An overview,
The reason why the second kill system is difficult is that a large number of requests flood into the system in a very short time to access limited service resources at the same time, which causes heavy load on the system, and even leads to the possibility of system service breakdown and downtime. This paper will introduce the pain points in the SEC kill system and the optimization ideas for these points.
Second, what is the second kill system
Such as: 12306 Spring Festival grab tickets, the major e-commerce to engage in regular buying activities, such as online buying millet mobile phone, grab train tickets of the students know that the moment in the release of tickets may be less than 1s, tickets were snapped up.
Three, the second kill system difficulties
- High concurrency in a short time causes heavy system load
- Competing resources are limited and database lock conflicts are serious
- Avoid impact on other services
Four, second kill overall flow chart
Common layered Architecture of the Internet
- Client layer: the client page operated by mobile phone or PC. The domain name is routed to NG through DNS resolution
- Reverse proxy layer: Generally, NG is used as a reverse proxy to evenly route client requests to back-end site services.
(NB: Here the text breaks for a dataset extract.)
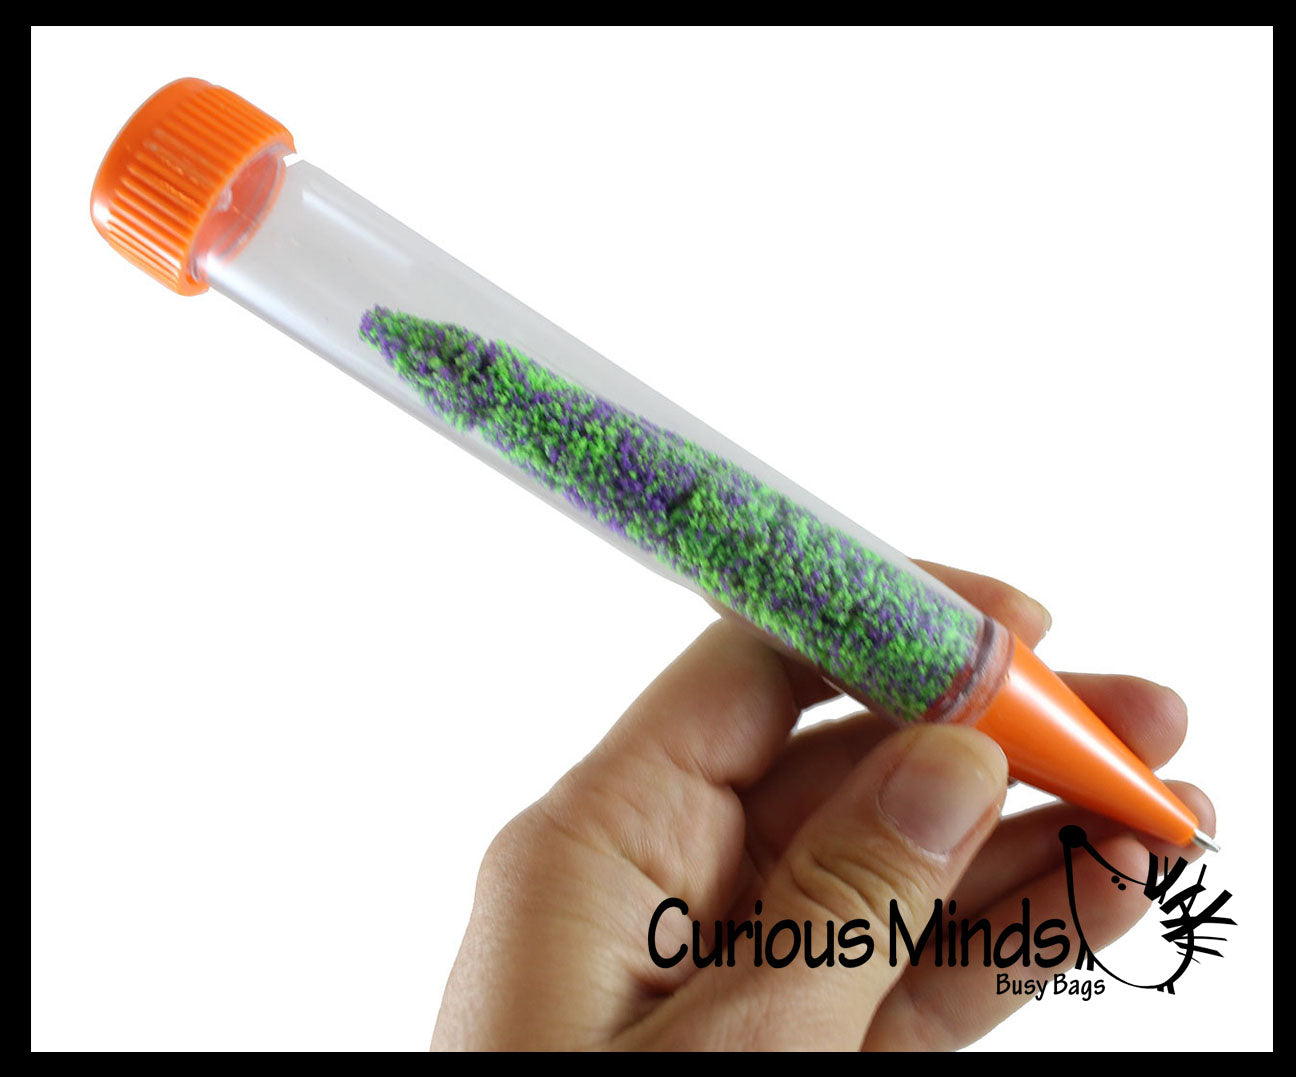 Flowing Foam Motion Pen - Filled with Moving Foam - Soothing and Calming Motion Pen - Liquid Timer Sensory Office Toy - Visual Stimulation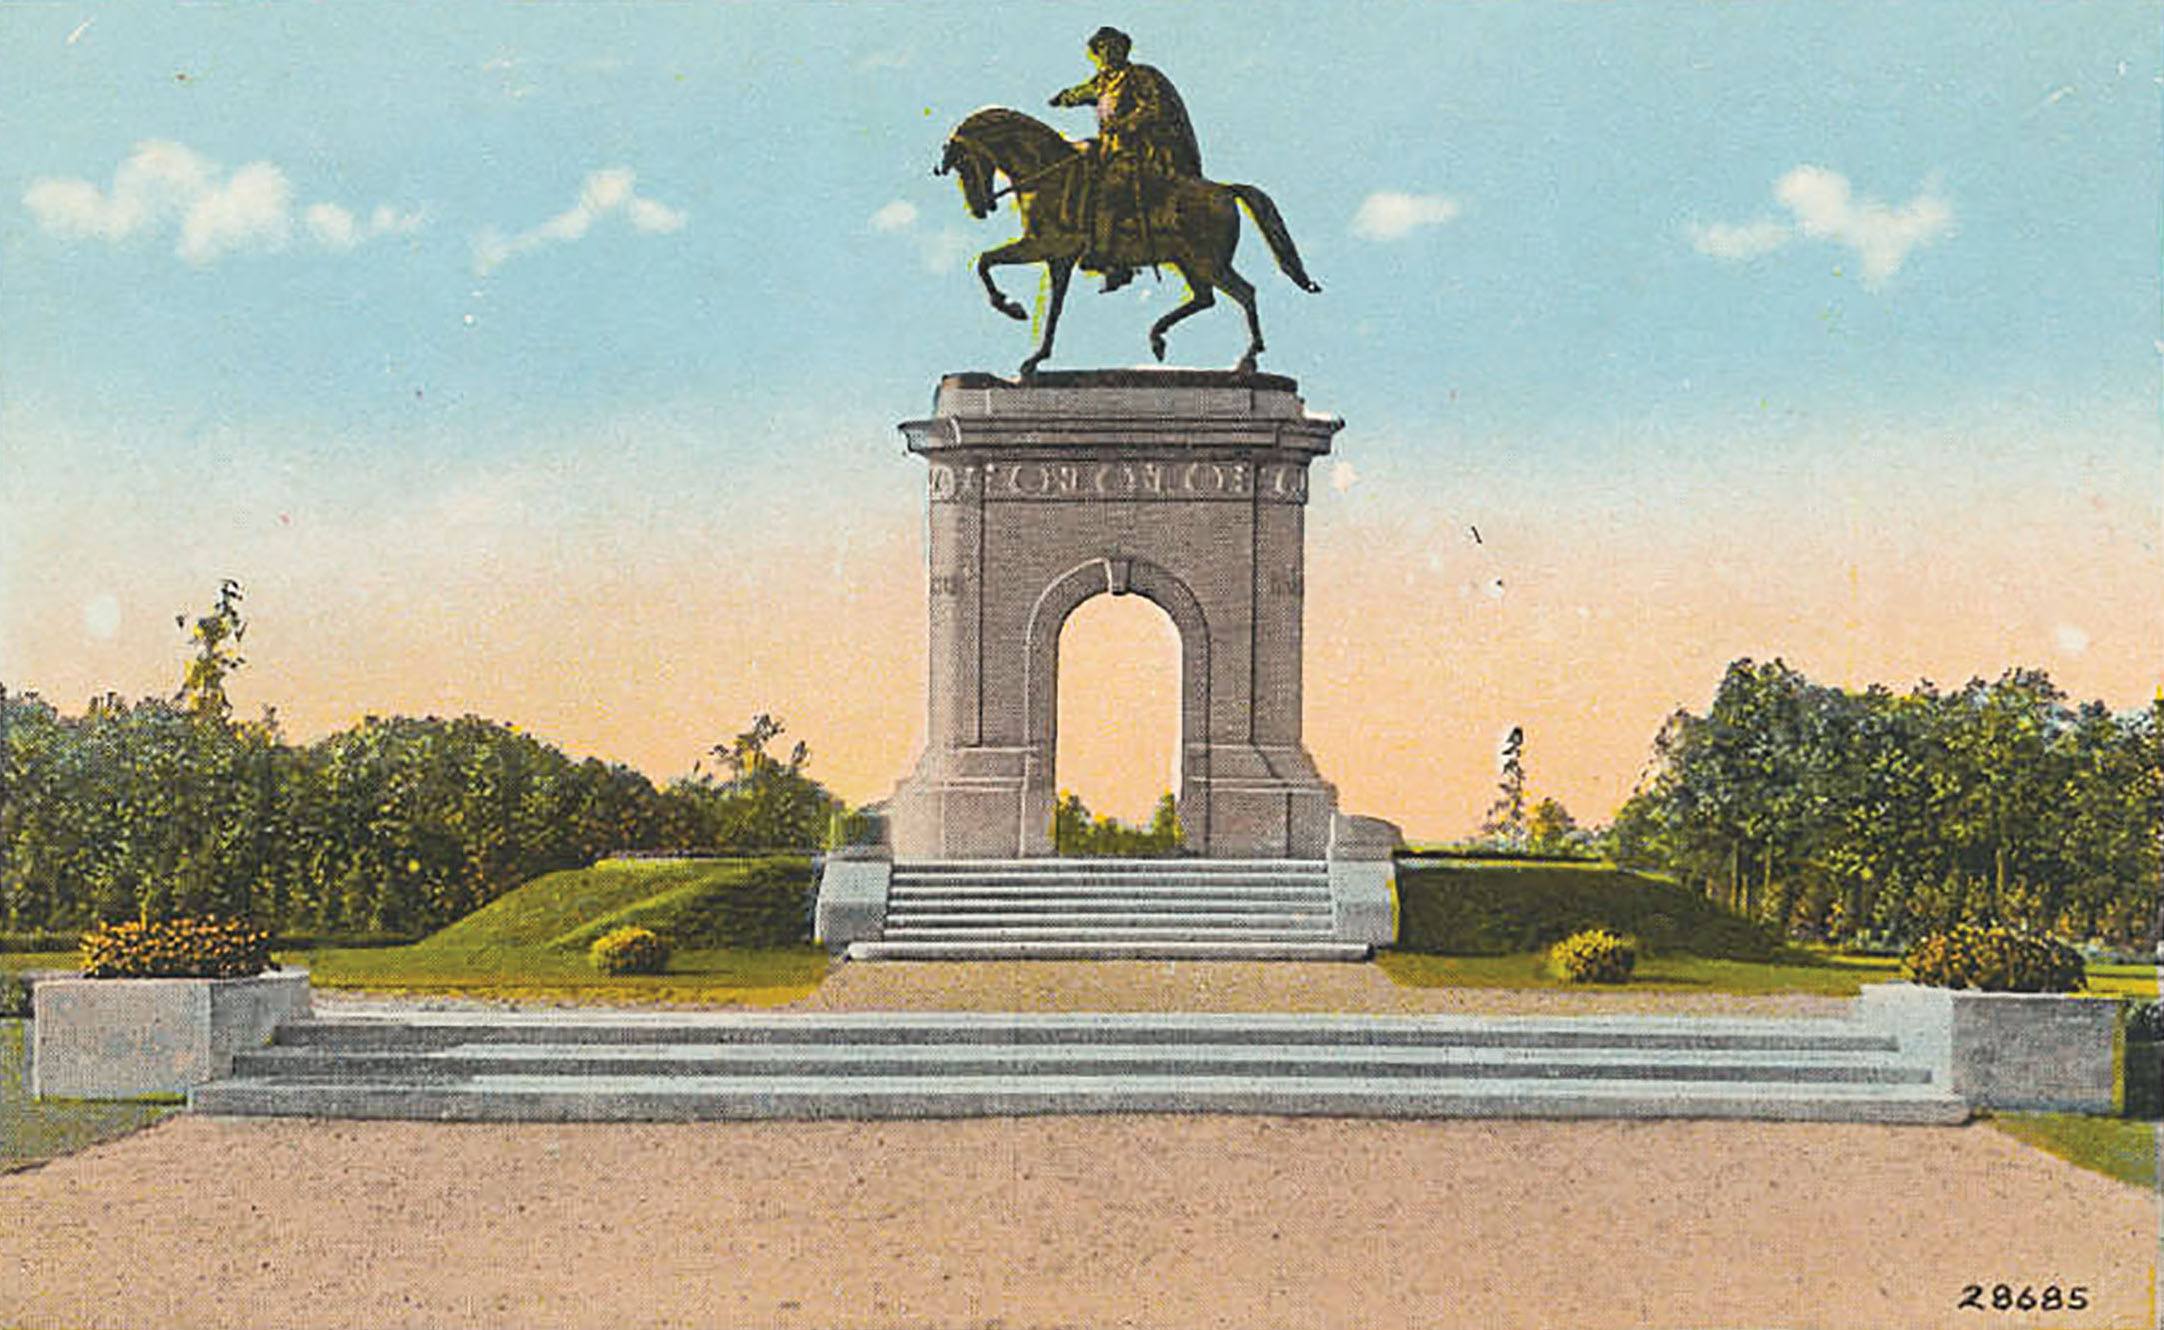 An old-fashioned color drawing of a statue of Sam Houston on a horse, still on display at Hermann Park

NG can also be horizontally extended to multiple instances, and each instance can be independently deployed in a master/slave high availability solution.
- Site layer: The site layer can be horizontally extended to multiple instances to balance the high concurrent load generated by requests from clients. Session information between multiple Web servers can be centrally stored in distributed cache service (Redis, MemCache).
- Service layer: The service layer can also scale horizontally to deploy multiple instances, making it the most popular microservice approach
- Database layer: Common deployment mode of database layer, such as read and write separation, separate library and table, etc
Six, the second kill system architecture principle
(1) Try to intercept requests upstream
For the second kill system, the bottleneck of the system is generally in the database layer, because the resources are limited, such as the library of 10,000 tickets, instant concurrent in 1 million requests, then there are 990,000 are useless requests, so in order to better protect the bottom limited database resources, as far as possible will request interception in the upstream.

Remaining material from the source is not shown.